YOUR GOAL: Everything from the line that has "Selectshop FRAME - COMME" to the last line of the listing must be repeated exactly, and nothing more; omit the pictures.

DATA SEGMENT:

Segment Open

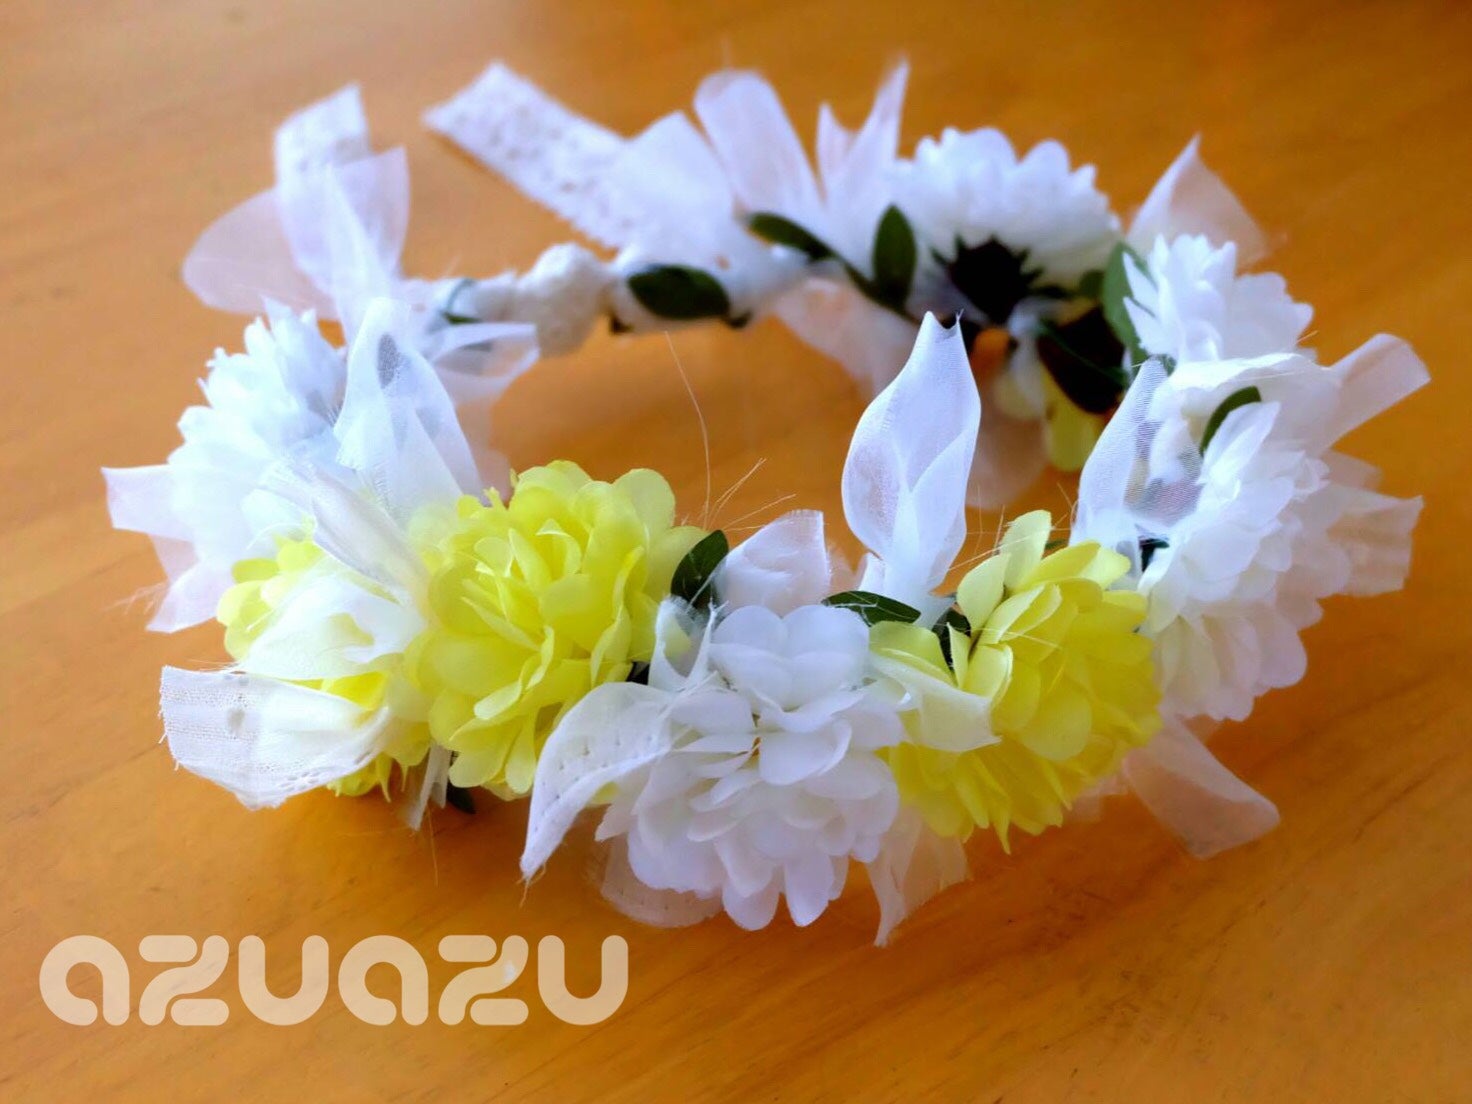 100均ハンドメイド 春の装い 花かんむり コサージュ バニーリース リビング埼玉web
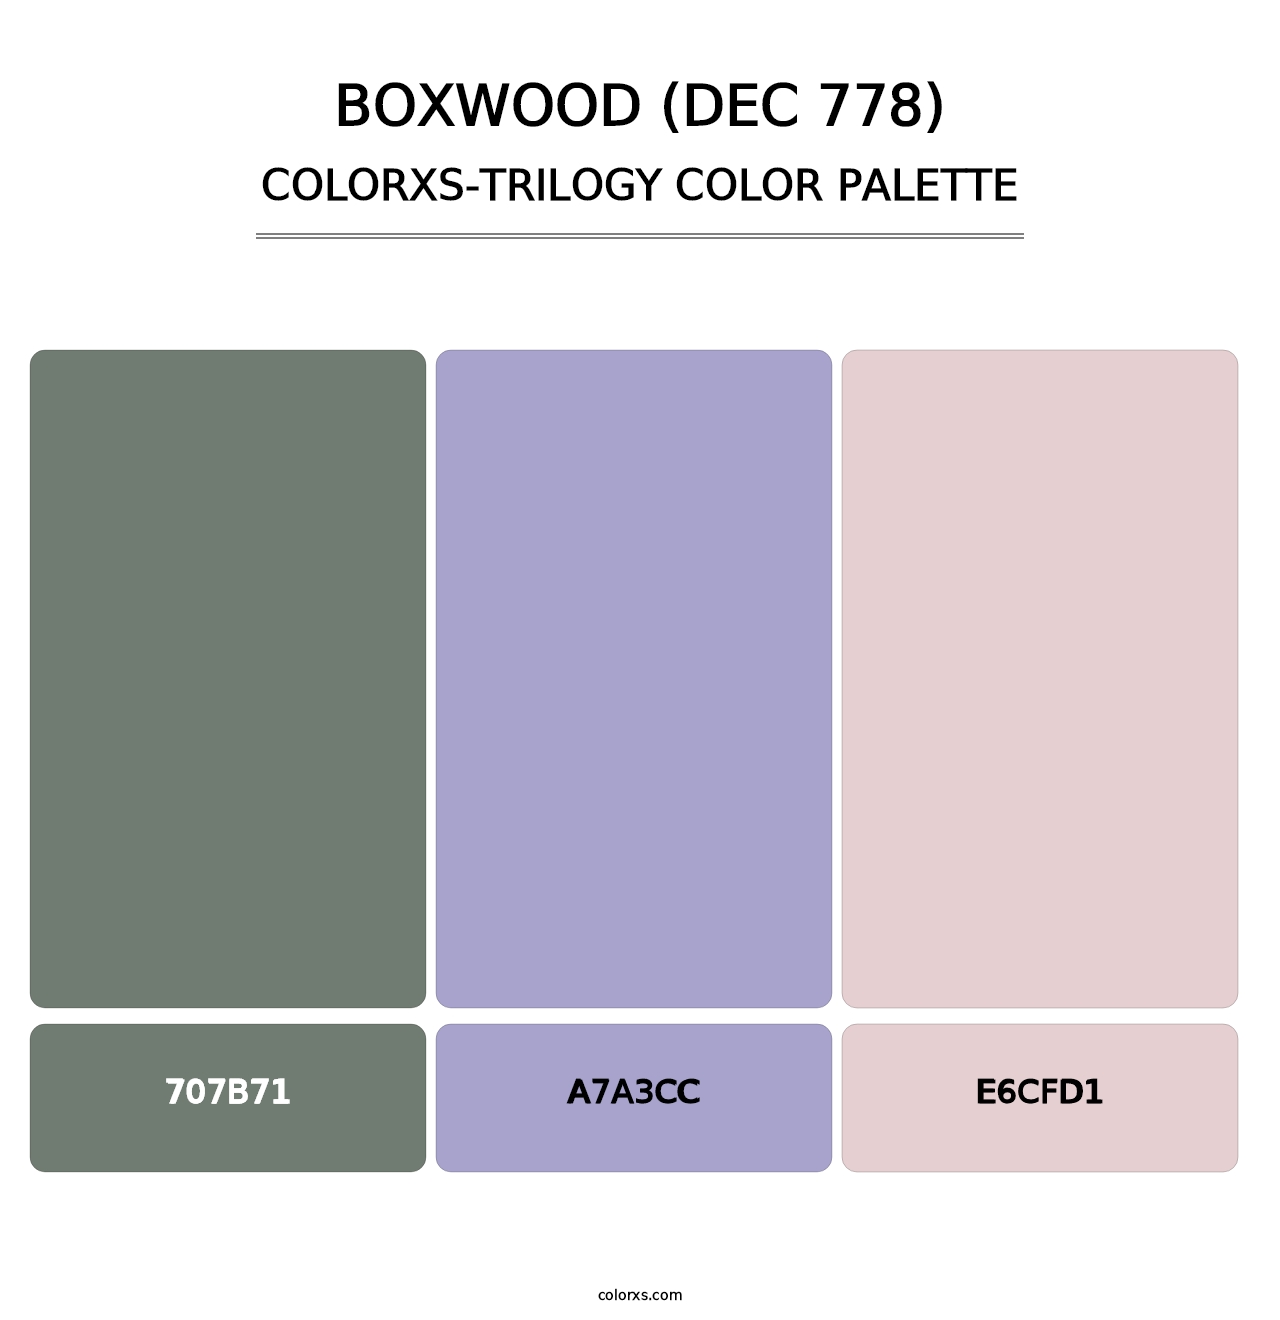 Boxwood (DEC 778) - Colorxs Trilogy Palette
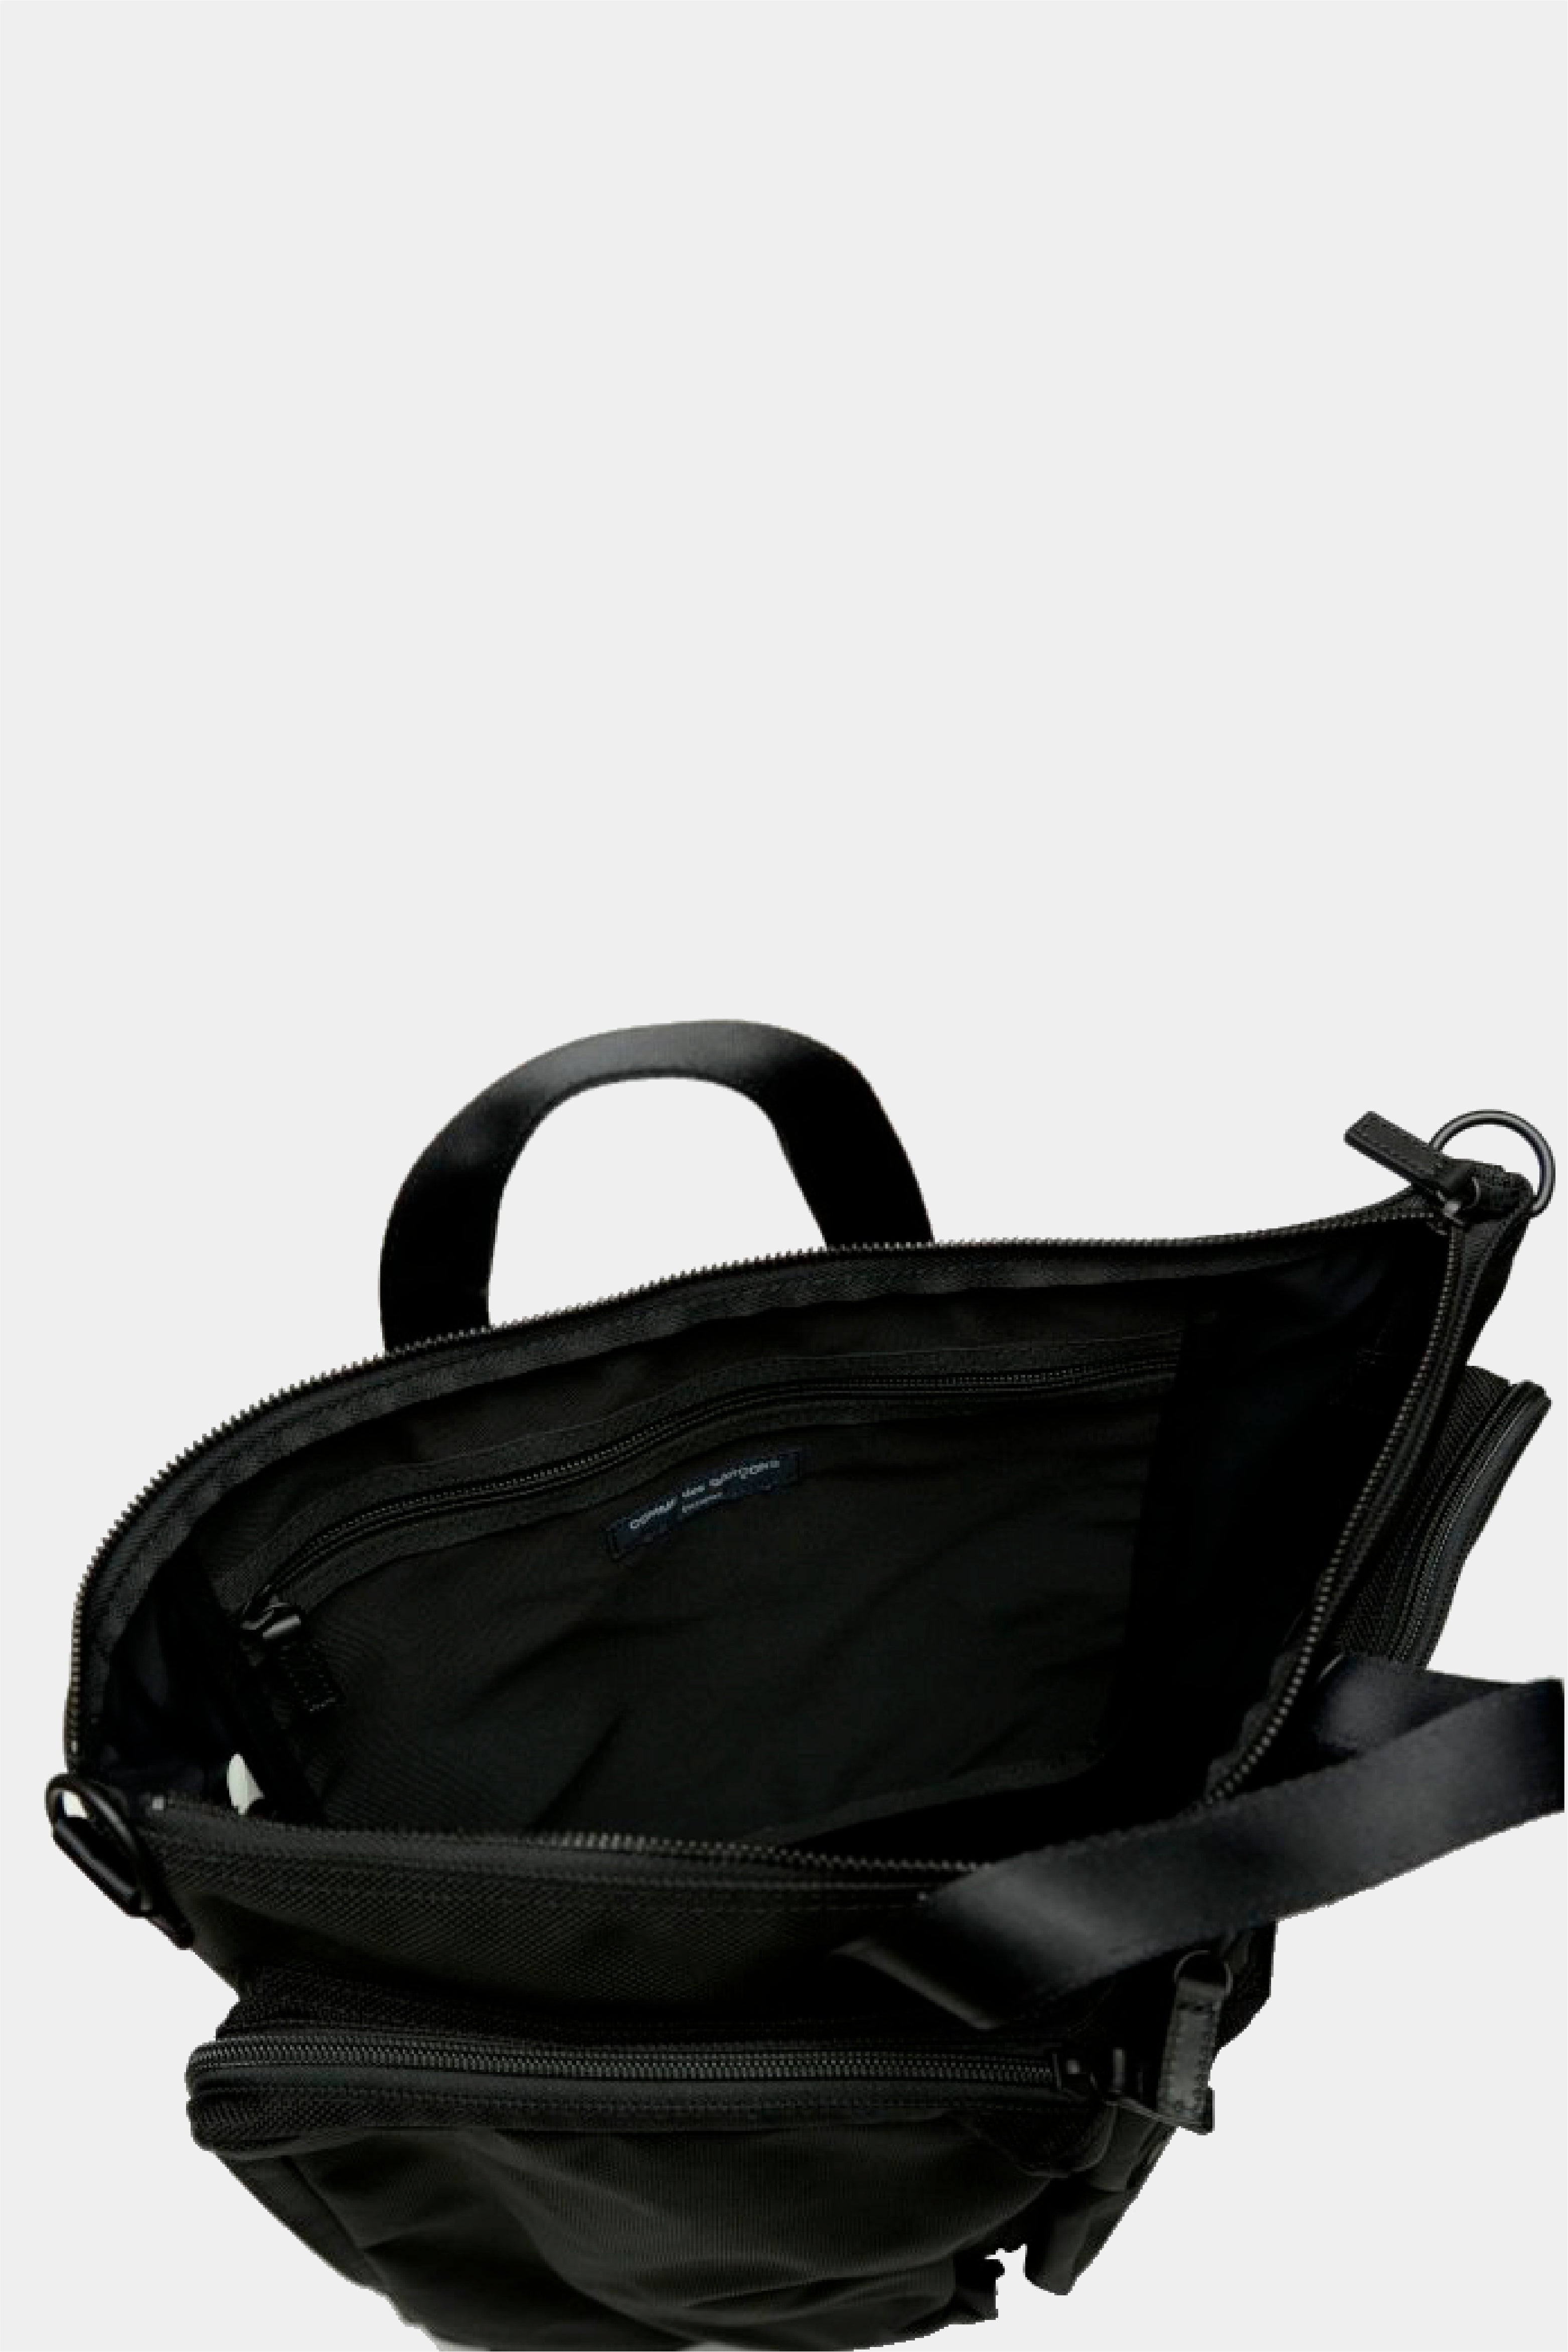 Selectshop FRAME - COMME DES GARÇONS HOMME Bag All-accessories Dubai
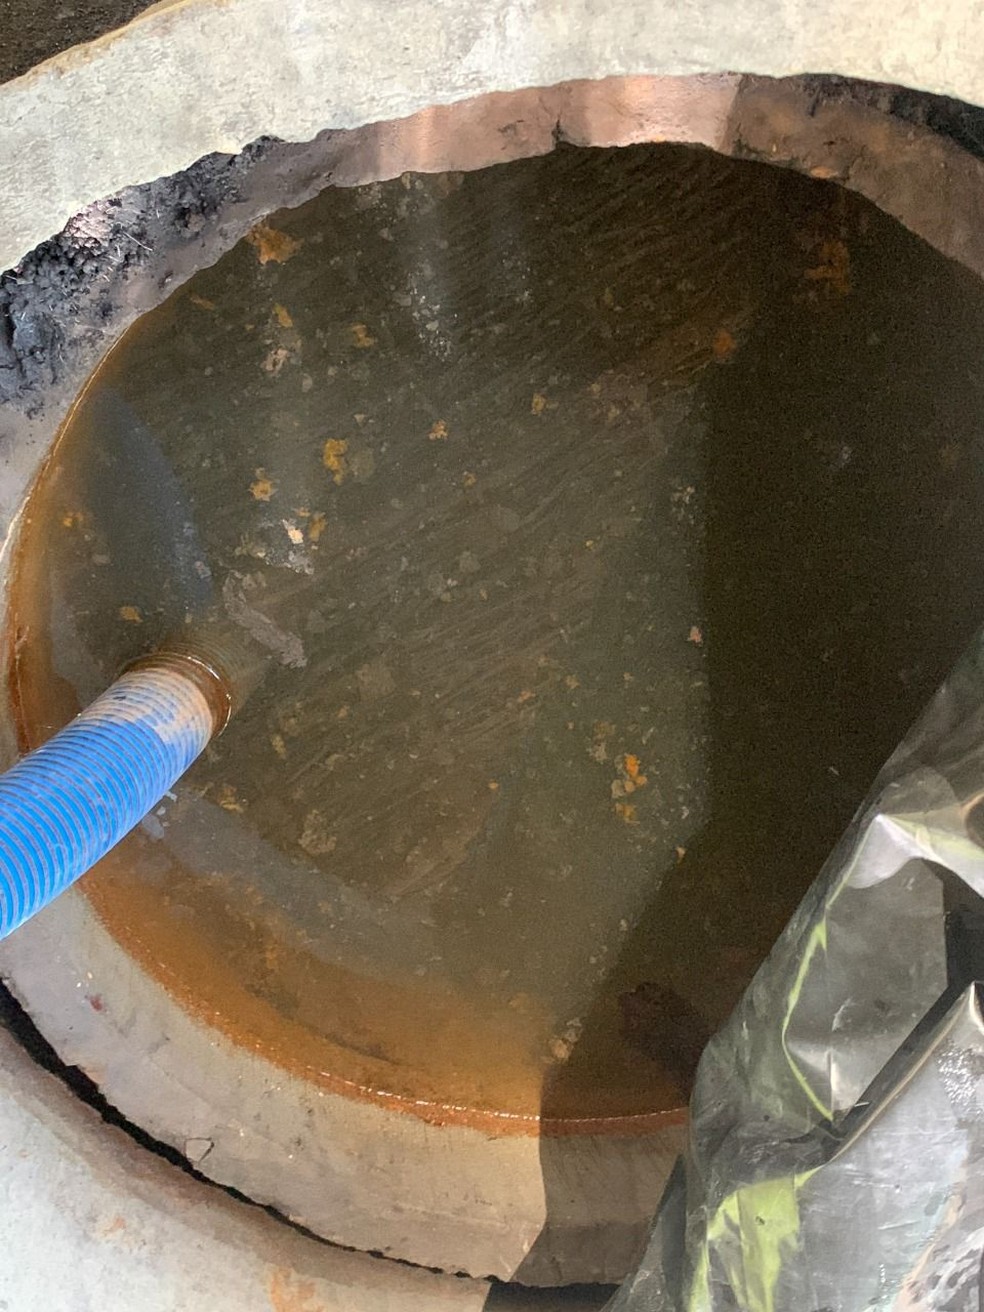 Trabalhadores tomavam água em poço sujo e com cor amarelada — Foto: Divulgação/MPT-MA

Segment Closed

TASK SOLUTION:
 Selectshop FRAME - COMME DES GARÇONS HOMME Bag All-accessories Dubai
 Trabalhadores tomavam água em poço sujo e com cor amarelada — Foto: Divulgação/MPT-MA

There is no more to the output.